**REQUIREMENT**. No pictures belong in the result; set down exactly the lines from the one containing "东莞市东友机械设备有限公司" through the final line of the listing, and nothing more.

**INPUT DATA**.
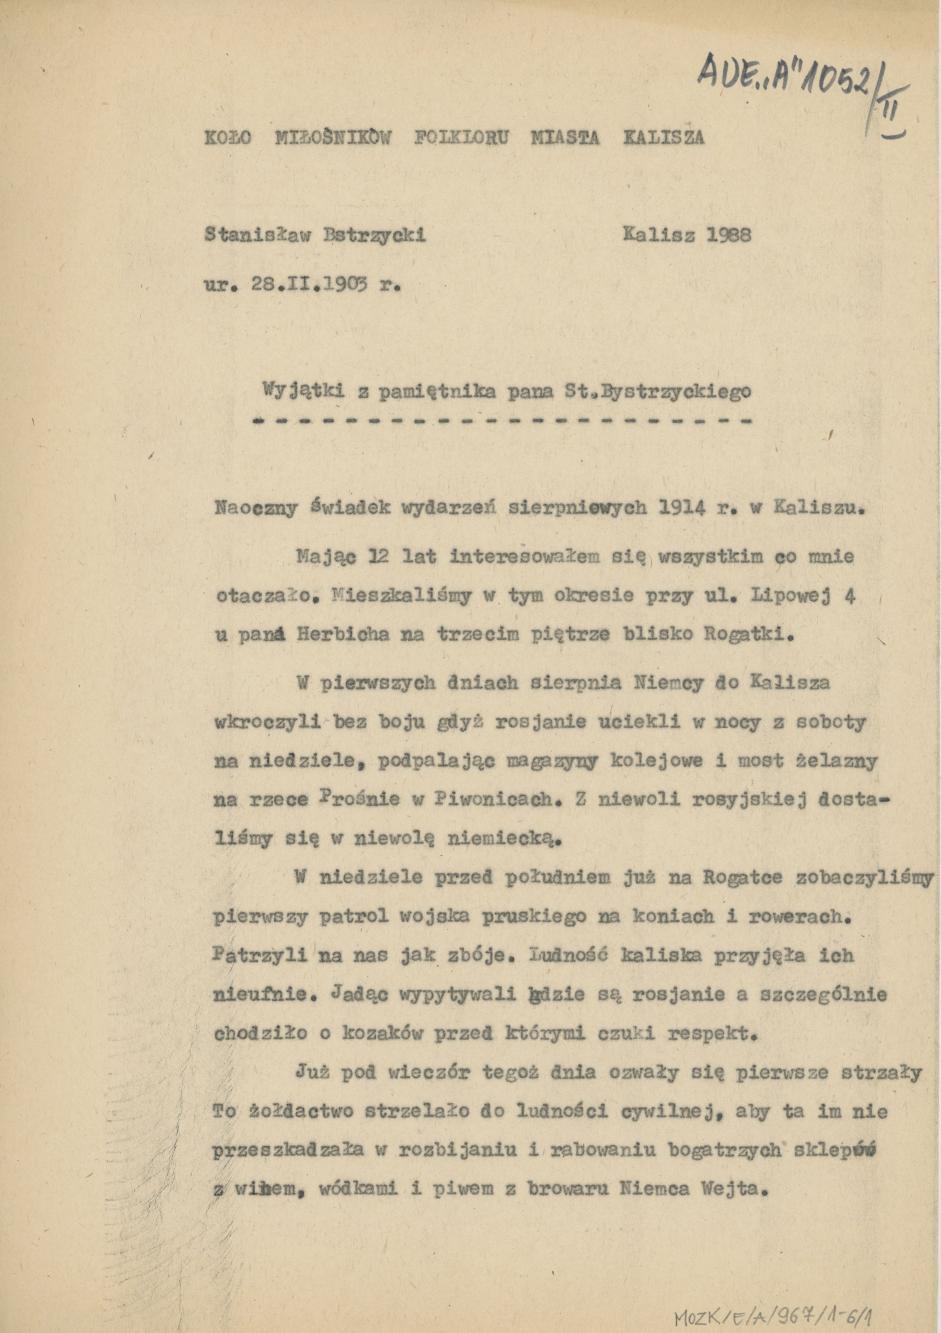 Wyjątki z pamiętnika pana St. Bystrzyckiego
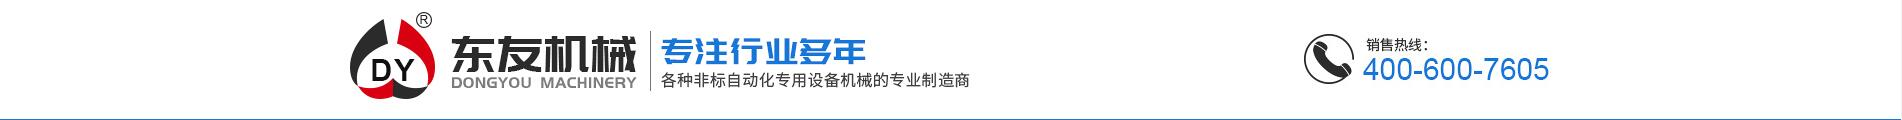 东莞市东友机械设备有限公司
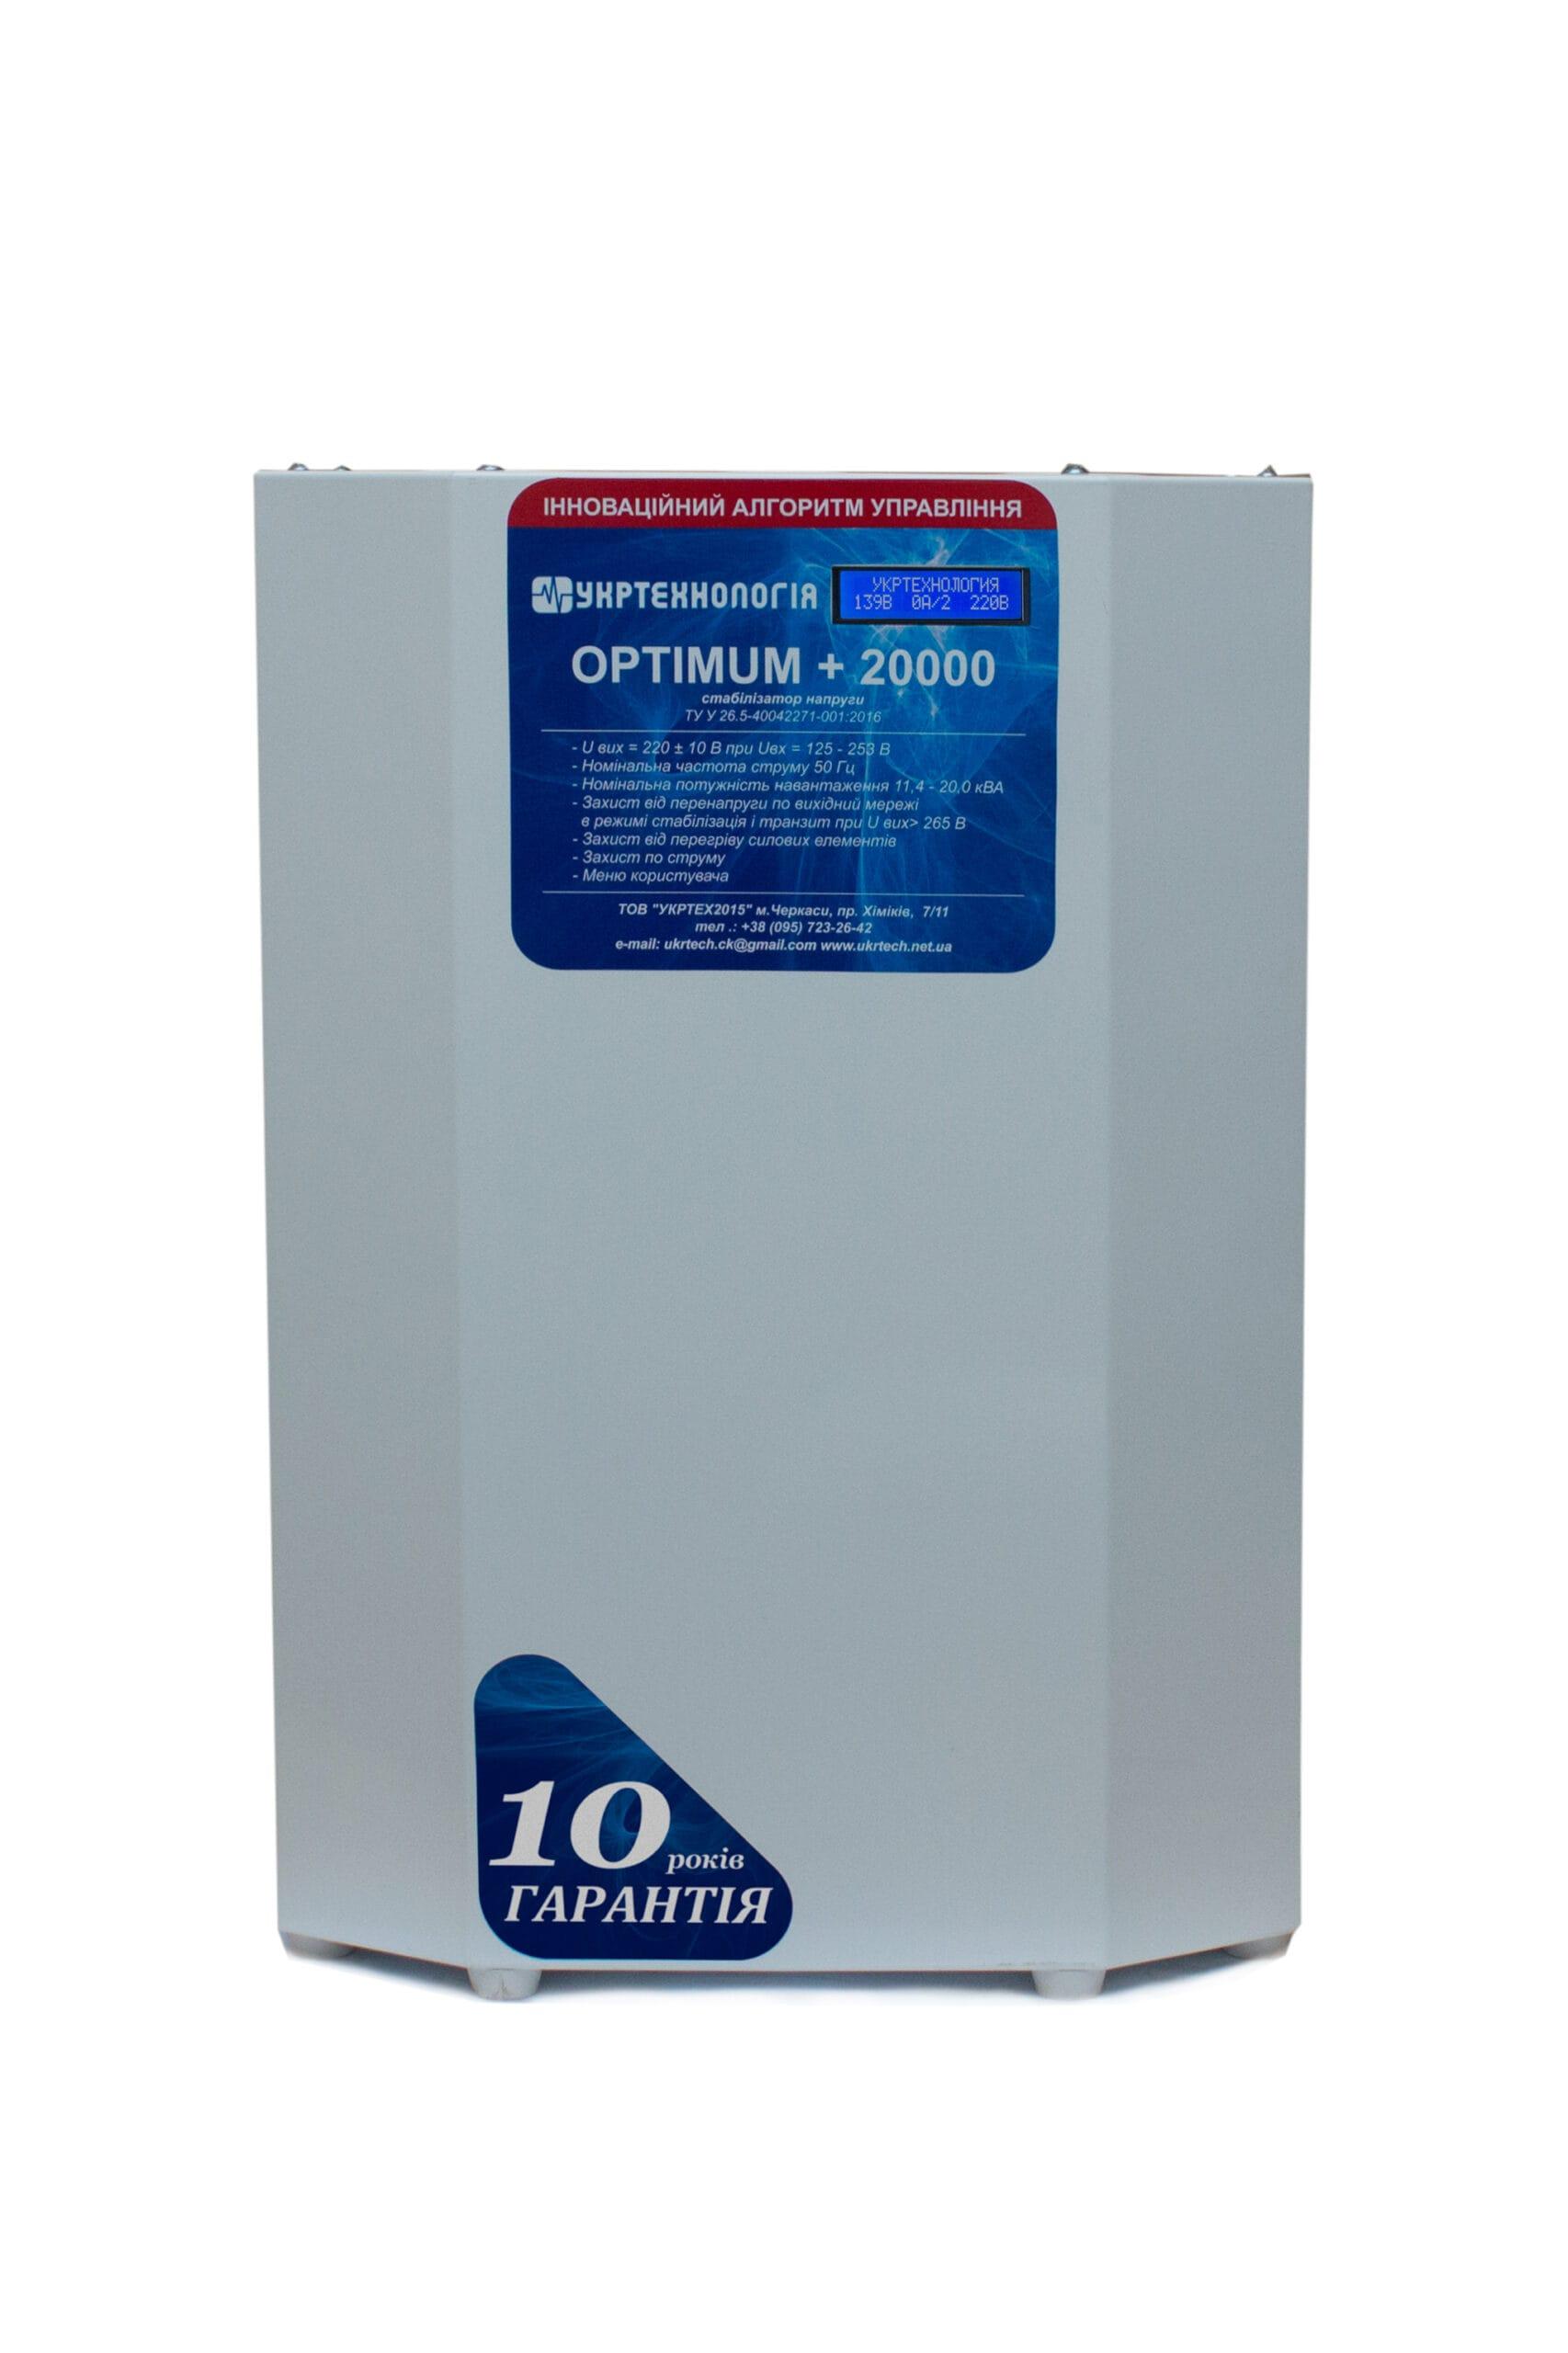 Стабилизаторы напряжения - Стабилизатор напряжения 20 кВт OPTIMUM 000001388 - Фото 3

**RESPONSE AREA**.
 东莞市东友机械设备有限公司
 Стабилизаторы напряжения - Стабилизатор напряжения 20 кВт OPTIMUM 000001388 - Фото 3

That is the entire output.